This is pretty rad. I work in fabrication and love seeing stuff like this.

You from last week:

    My bet is that most printers are vastly overbuilt in the name of precision that won't really be visible anyways after the sloppy process of spitting out molten plastic.

What's your use goal? I'm not sure what units you've used, but there's a definitely a visible difference between the Delta printers it looks like you're tooling around with and, say, a 3D45. Not that there's anything wrong with that, especially considering price point - I'm just curious what your usage is.





user-inactivated  ·  2226 days ago  ·  link  ·  

Thanks! I don't really know what I'm doing.

    What's your use goal?
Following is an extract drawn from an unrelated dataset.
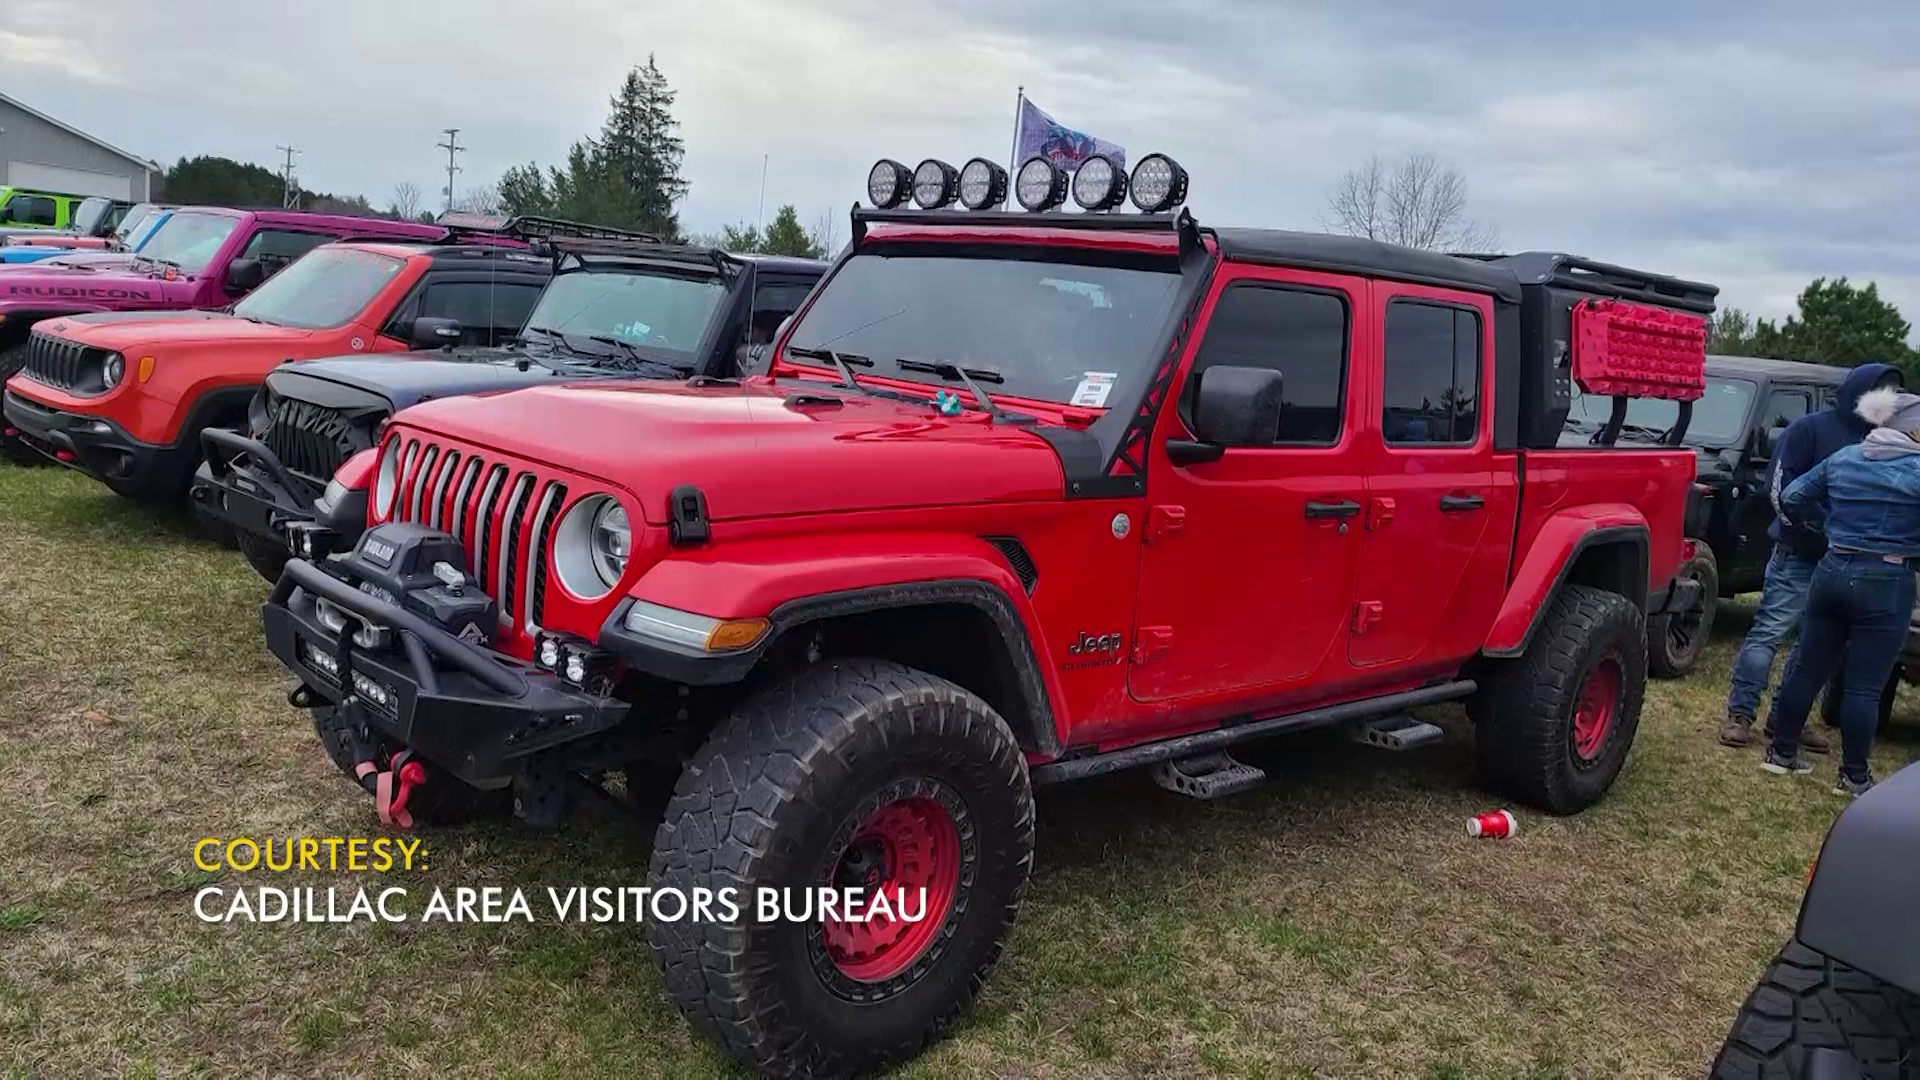 Organizations come together for the 23rd Annual Blessing of the Jeeps

I'm not sure what units you've used, but there's a definitely a visible difference between the Delta printers it looks like you're tooling around with and, say, a 3D45. Not that there's anything wrong with that, especially considering price point - I'm just curious what your usage is.
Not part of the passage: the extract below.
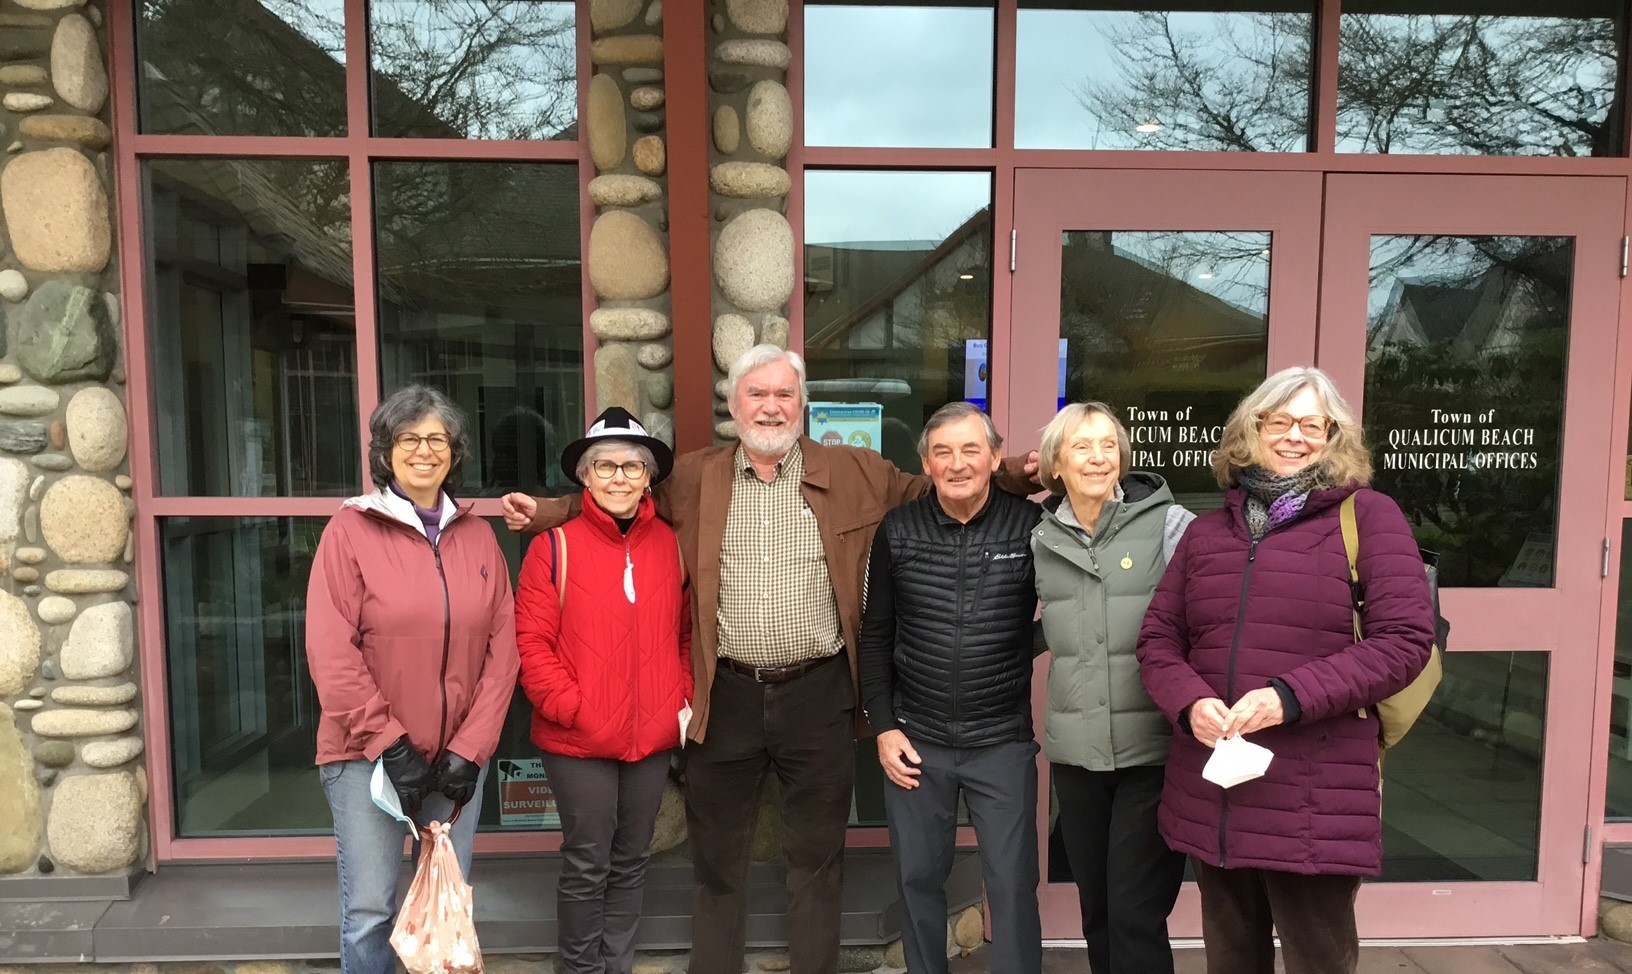 A small group of people standing outside Qualicum Beach municipal offices

I was thinking of the sort of middle to lower tier builds I see on reprap.org where people are building for hobbiest or home use, and running $15 rolls of PLA through it.

Right now, I have a secondhand i3 clone with a cracked acrylic frame, worn out bushings, and zip-tie secured linear rails. Objectively, it is a steaming pile but it works ok. The belt pulleys on it don't even have bearings, they just rotate on a screw. The z axis lead screws wobble all over the place. On the one hand, improving on it should be pretty easy. On the other hand,the thing already is capable of producing reliable interfaces for my camera's lens mount and hood rings.

I'm still figuring out the best workflow for designing stuff. I've gravitated to mocking the whole thing up roughly in blender, and then fiddling in openscad until it works like mockup.